"""

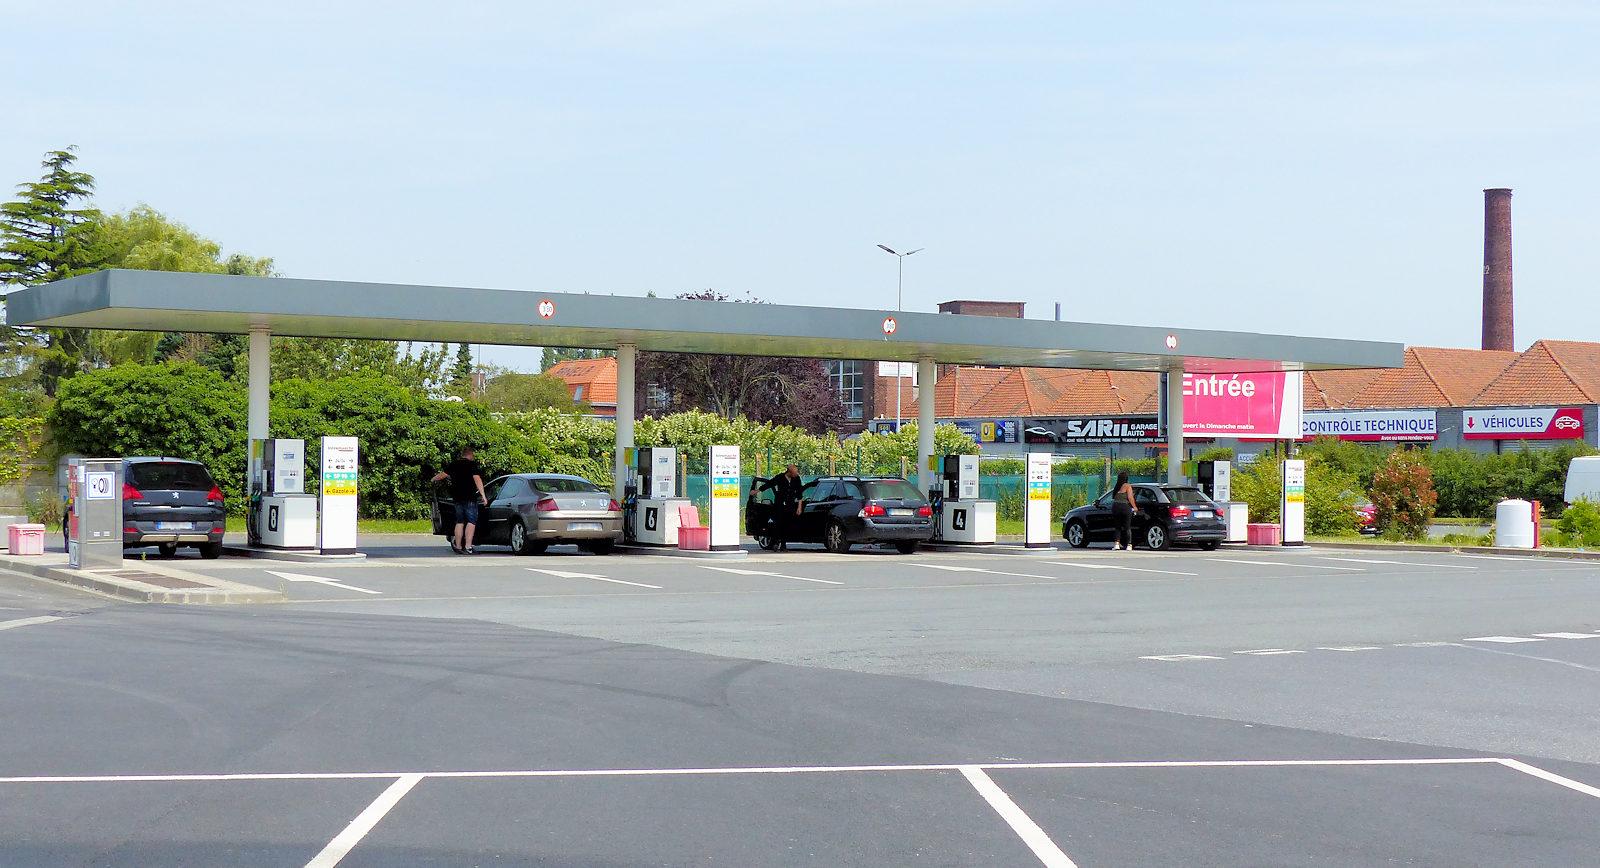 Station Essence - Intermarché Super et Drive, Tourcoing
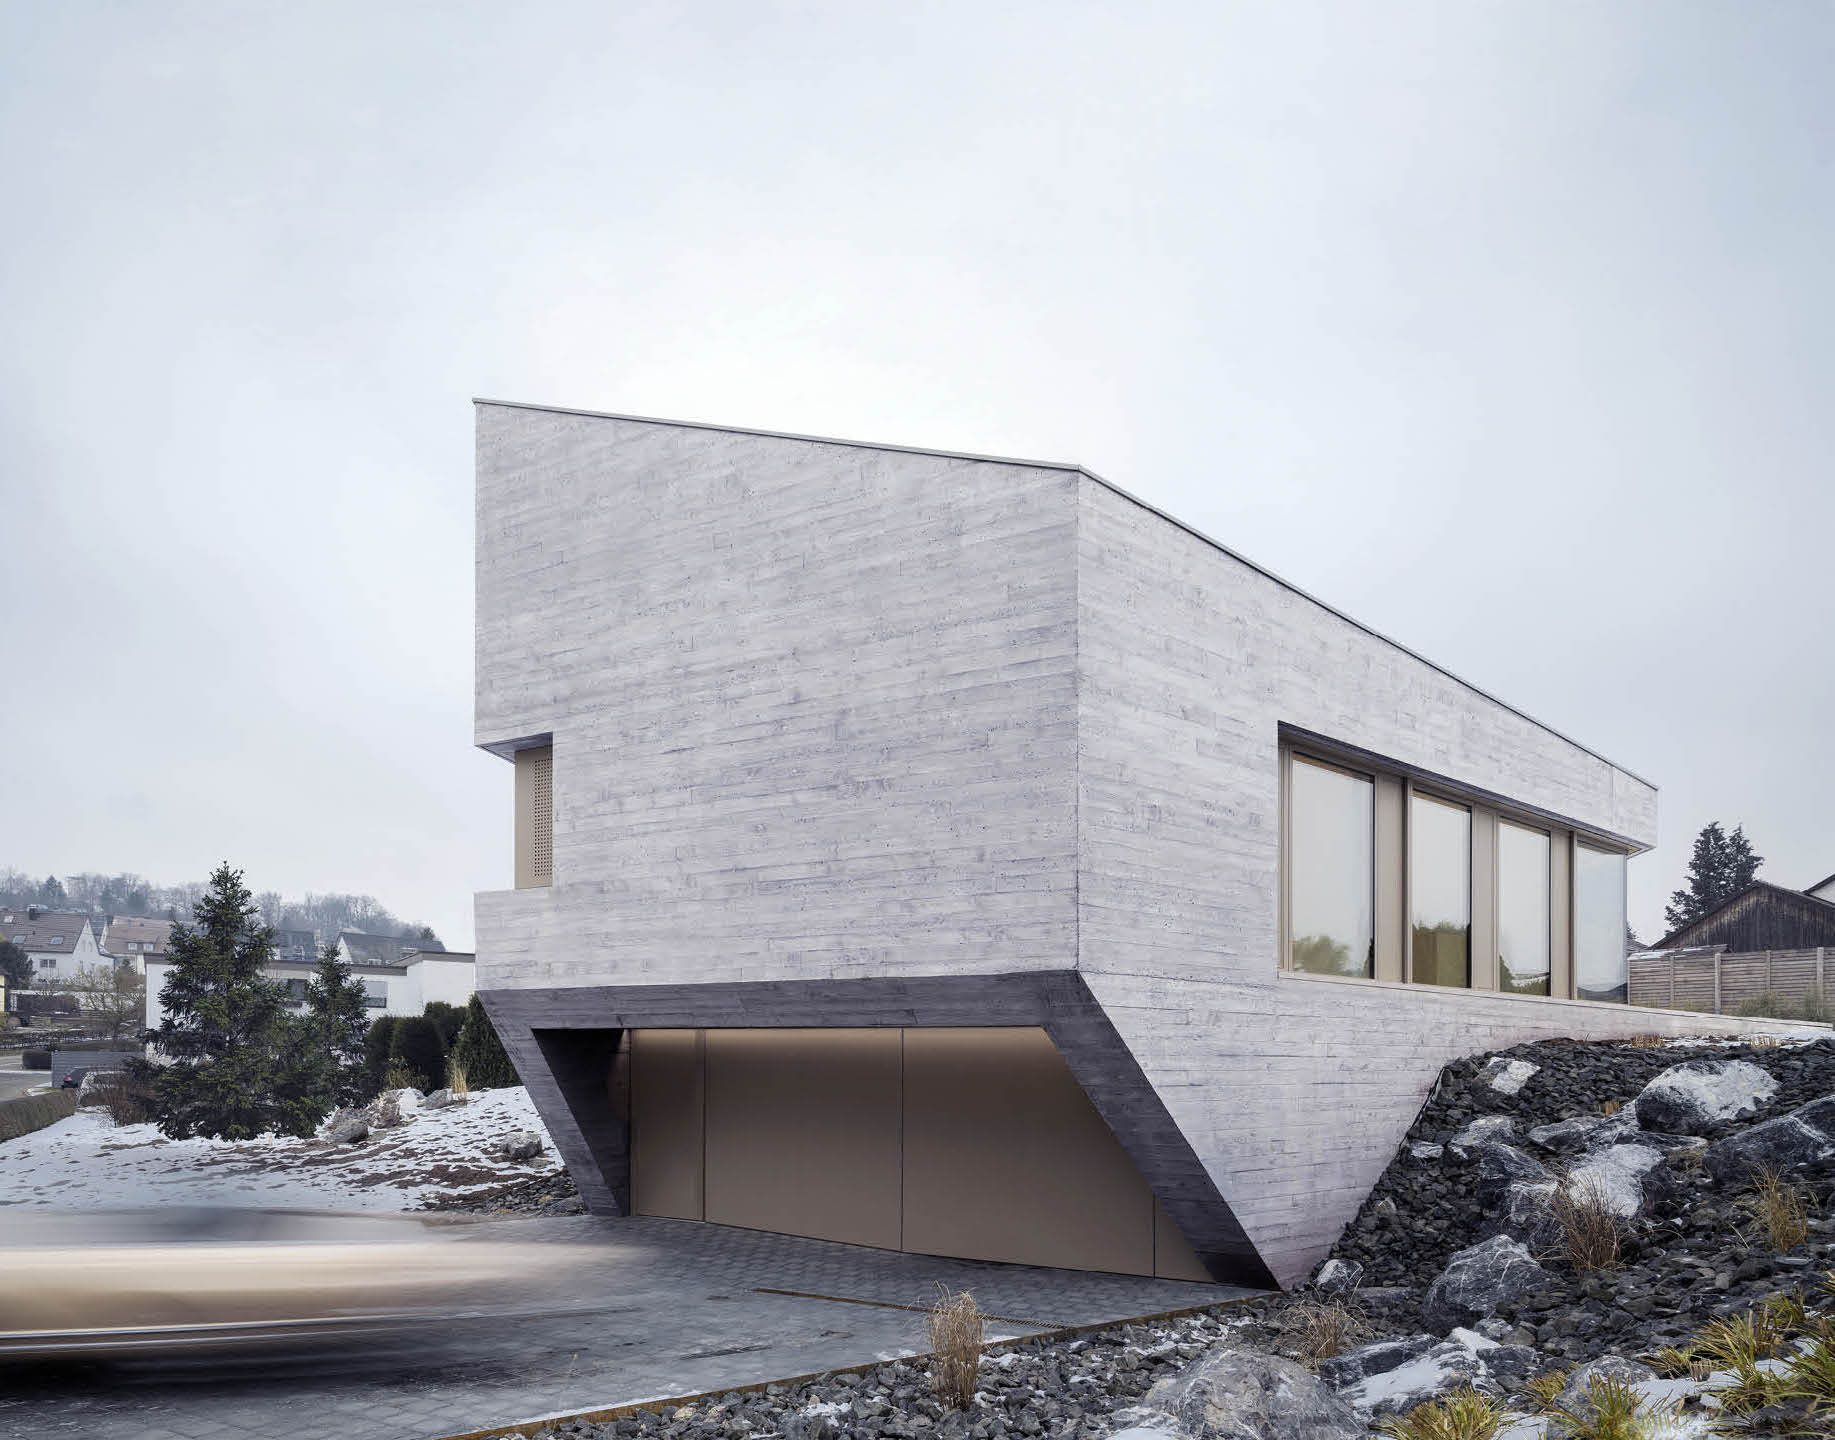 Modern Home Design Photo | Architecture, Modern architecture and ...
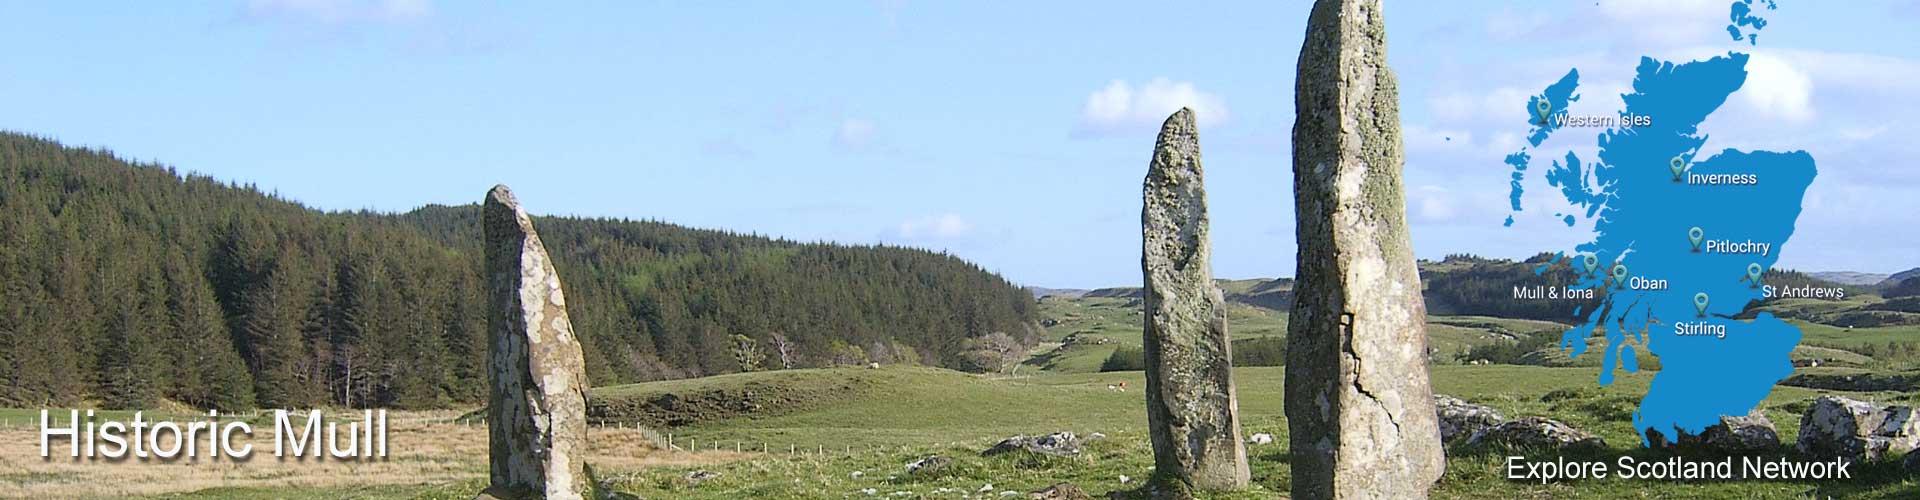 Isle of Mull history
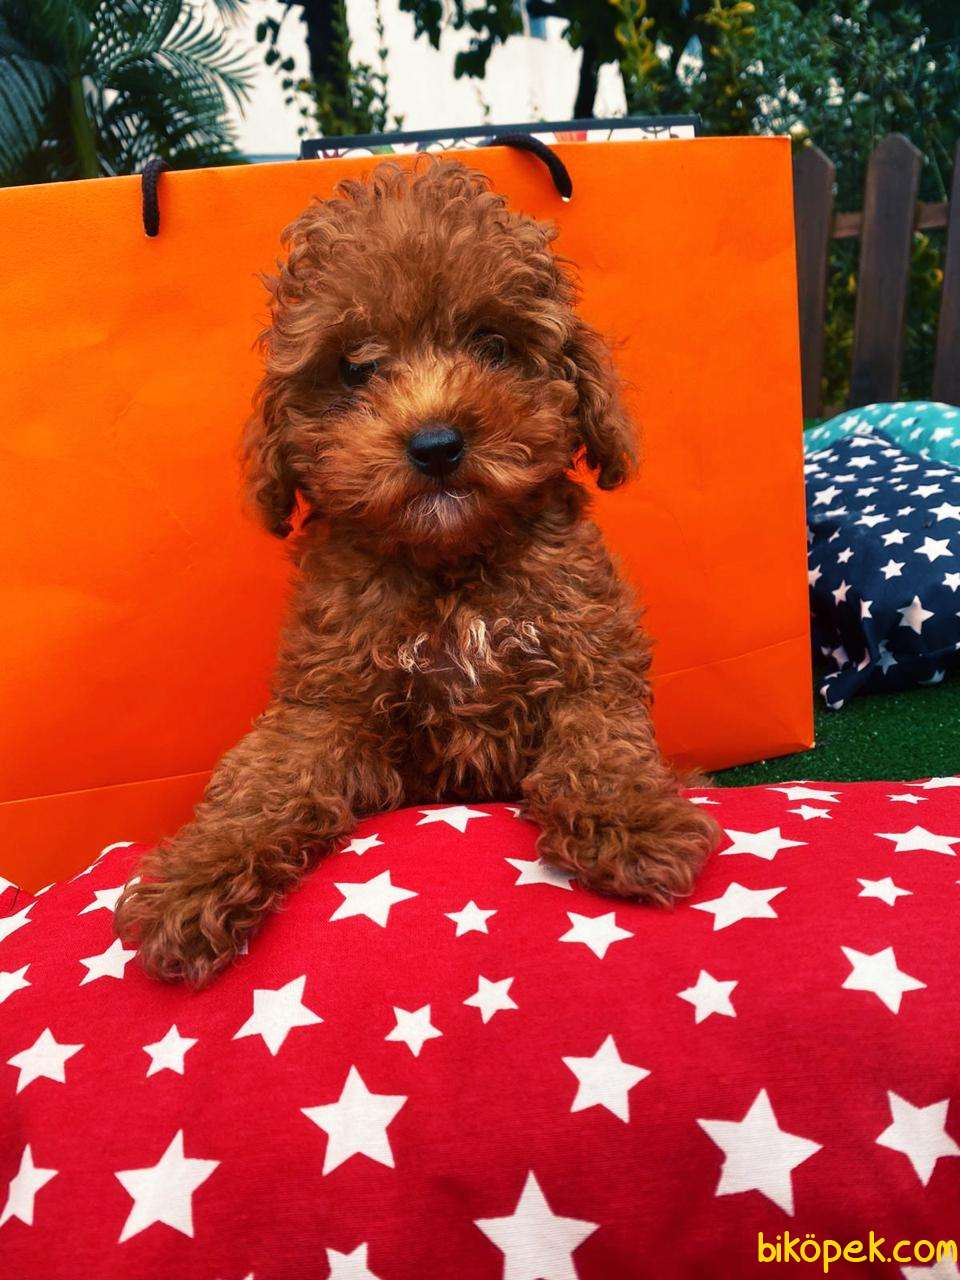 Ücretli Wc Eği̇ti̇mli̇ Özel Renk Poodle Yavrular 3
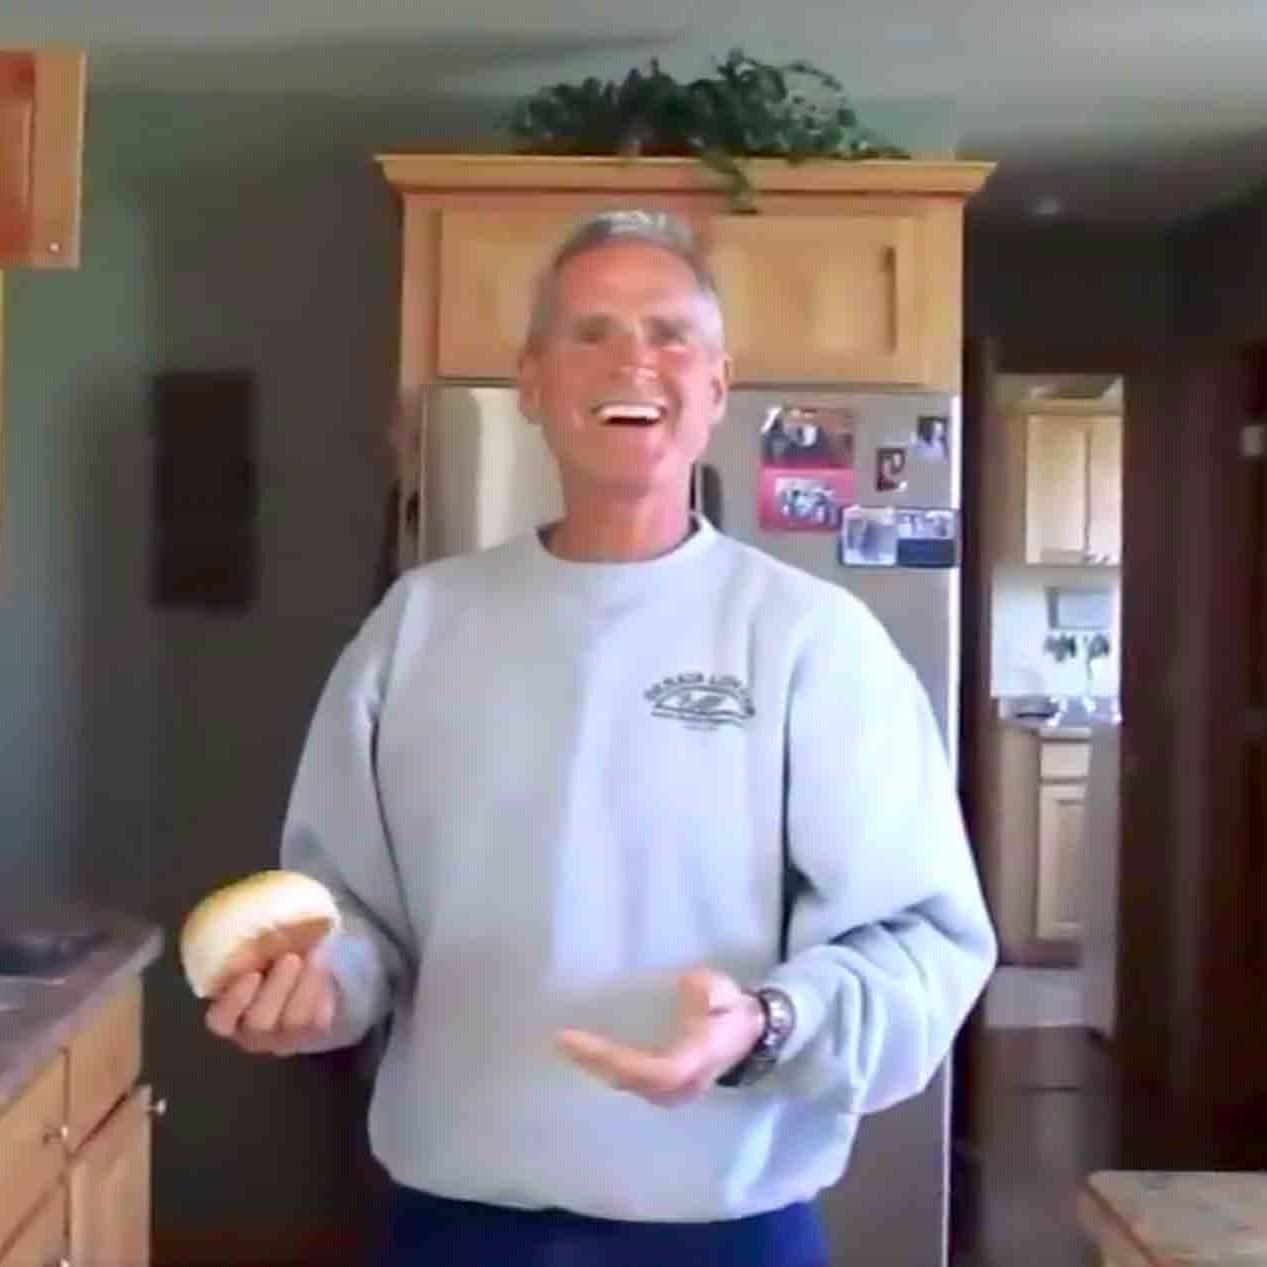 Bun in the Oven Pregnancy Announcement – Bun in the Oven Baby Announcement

"""

Task brief: Your response should reproduce the entire listing verbatim, minus the pictures.

Output:
 Station Essence - Intermarché Super et Drive, Tourcoing
 Modern Home Design Photo | Architecture, Modern architecture and ...
 Isle of Mull history
 Ücretli Wc Eği̇ti̇mli̇ Özel Renk Poodle Yavrular 3
 Bun in the Oven Pregnancy Announcement – Bun in the Oven Baby Announcement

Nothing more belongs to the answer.